CATIA ICEM advanced surfacing on the 3DEXPERIENCE platform is a unified solution that complements traditional parametric surface modeling work. It delivers the right combination of powerful tools needed by designers to create high end Class-A quality surfaces by enabling them to:
Achieve G3 curve and surface level continuity
Higher level G3 curve and surface definition controls the rate of curvature across curve-curve and surface-surface transitions. By maximizing the lead-in from one element to another across the transition zone, the user creates the best possible blending solution between the two connected elements, as is possible in aero surface advanced lofting for example.
Perform datum and feature-based modeling in combination
Hybrid modeling allows users to explicitly design through direct surface manipulation in conjunction with associative, feature-based design techniques. This flexibility supports organic surface creation and refinement, especially when linked with parametric modeling. It also offers a quick and convenient review of global effects to better guide decision making and meet the challenges of reduced product replacement cycles.

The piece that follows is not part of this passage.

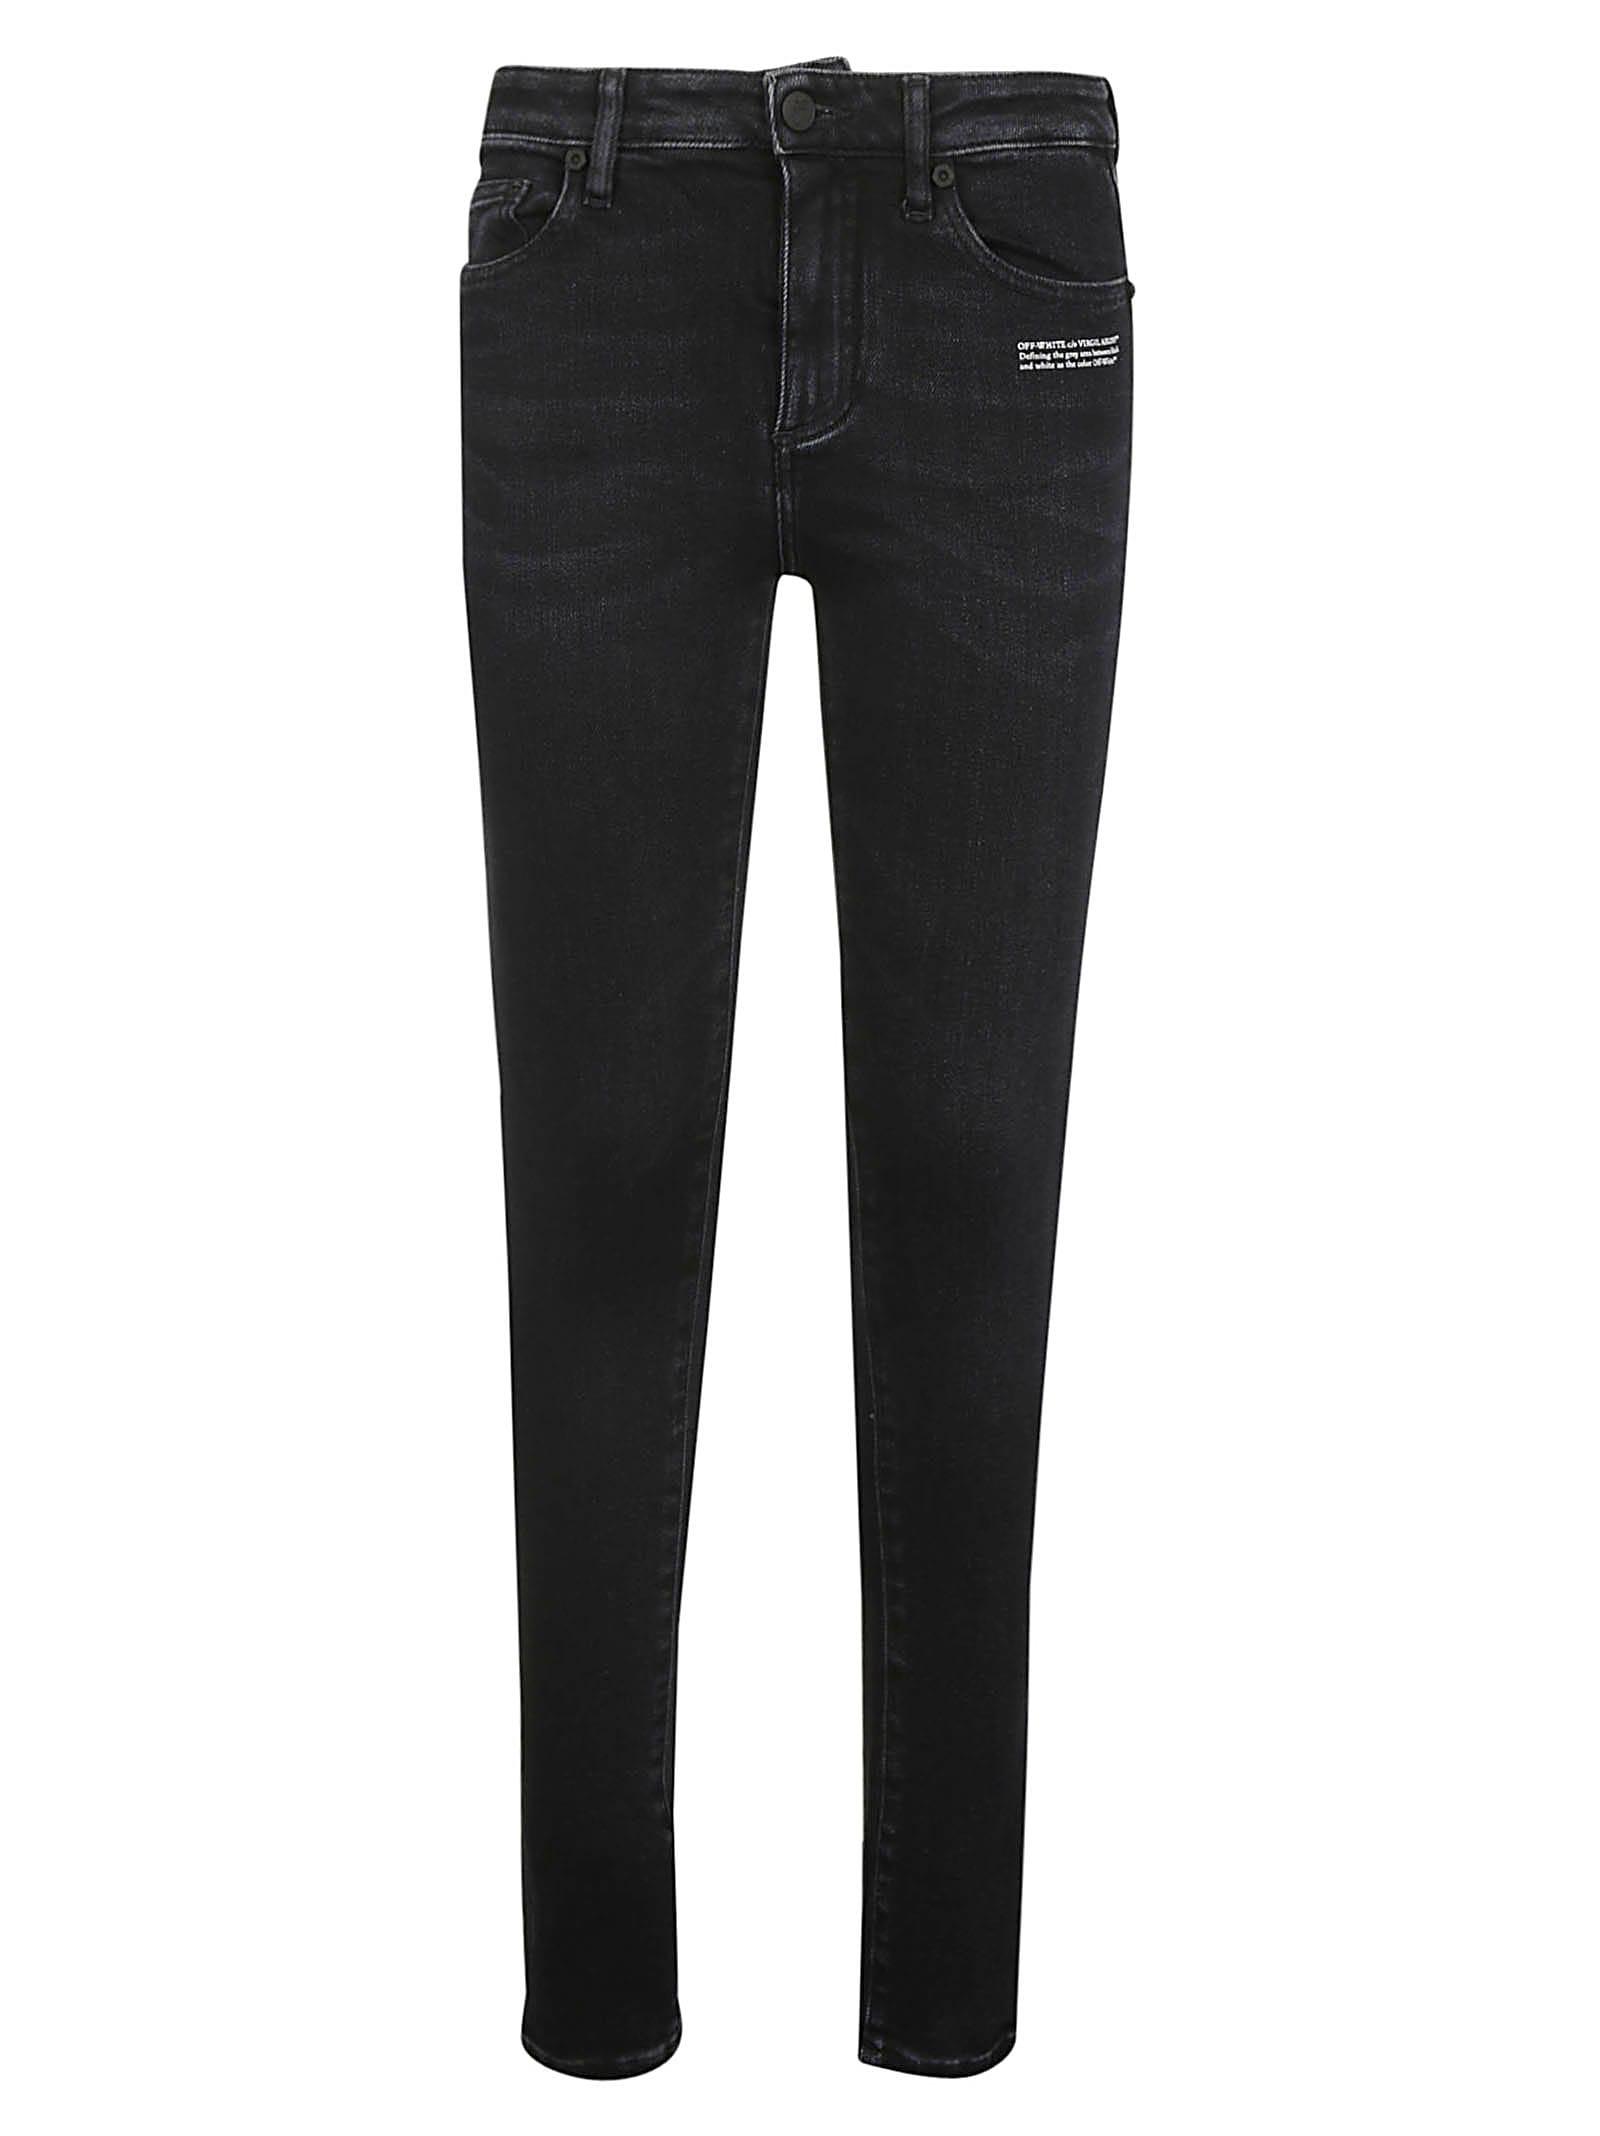 Off-White Denim Skinny Jeans
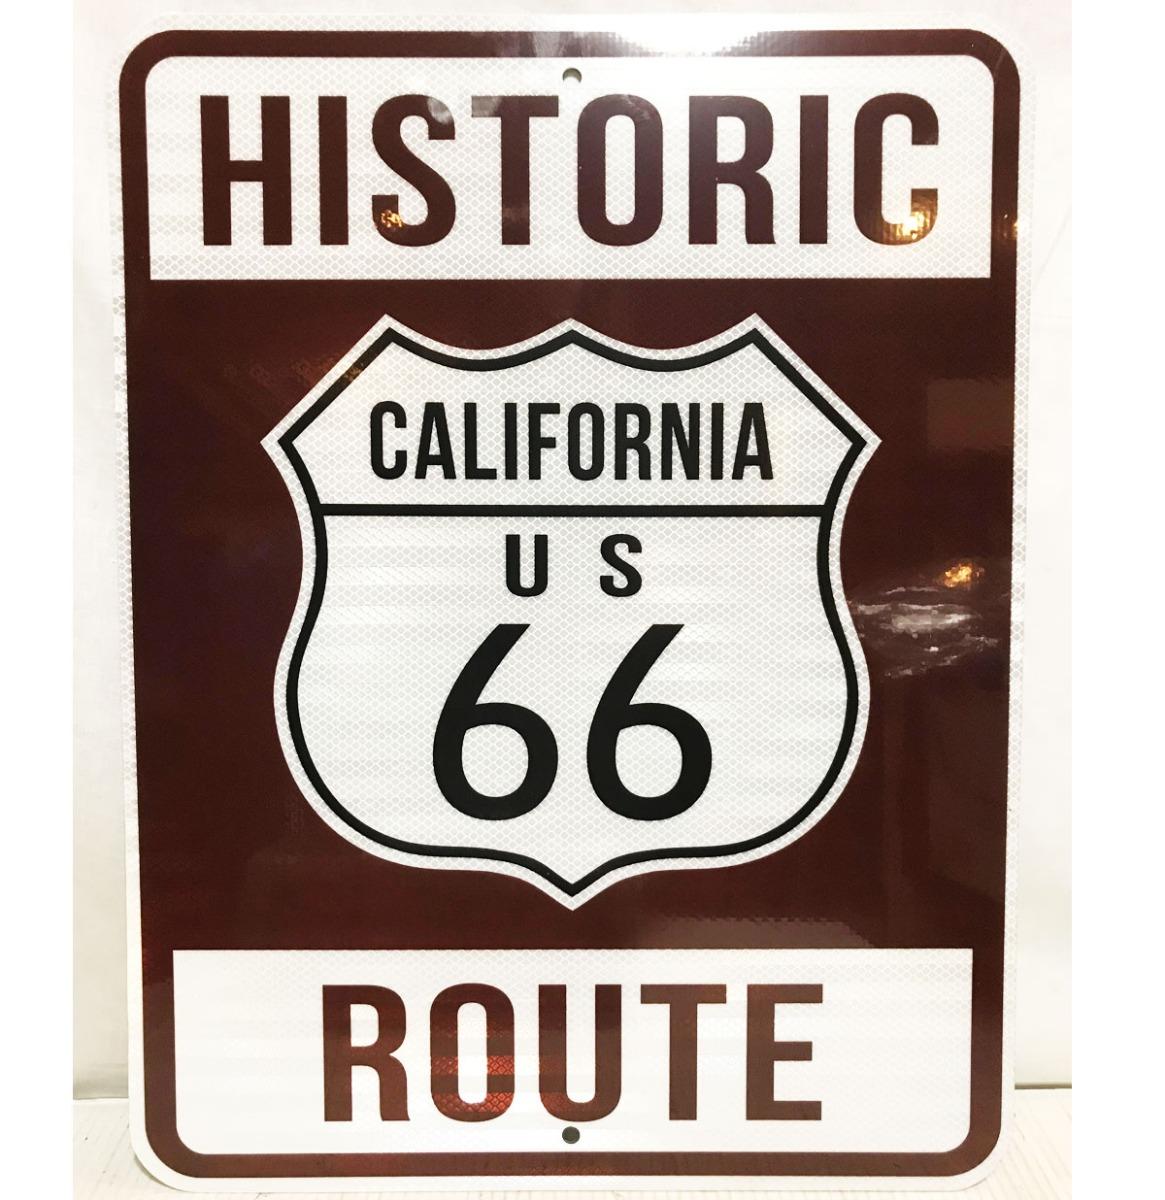 Historic Route 66 California Snelweg Bord - Reflecterend

Maximize design efficiency with capture & re-use capabilities
Increase overall process effectiveness and streamline surface designs by retaining technical know-how and eliminating repetitive tasks. Retention of engineering knowledge leads to simple re-use of design templates, creating a more robust design process. Save the desired templates and retrieve them for future designs to maintain consistency and uniformity across different styles.
Save time through concurrent commands
Parallel command sessions give designers the ability to use concurrent commands. While reducing time lost in adjusting single command settings, concurrent command usage also serves to reduce total design effort and ensure quicker processing of certain design tasks.
Harness the flexibility of advanced commands through different accepted inputs
Less restrictive acceptance of command input geometry promotes increased design freedom in a more flexible surface modeling environment, coupled with an ability to adjust interface tension and values using handles. Matching curve and surface constraints up to G3 continuity respects and maintains the design intent.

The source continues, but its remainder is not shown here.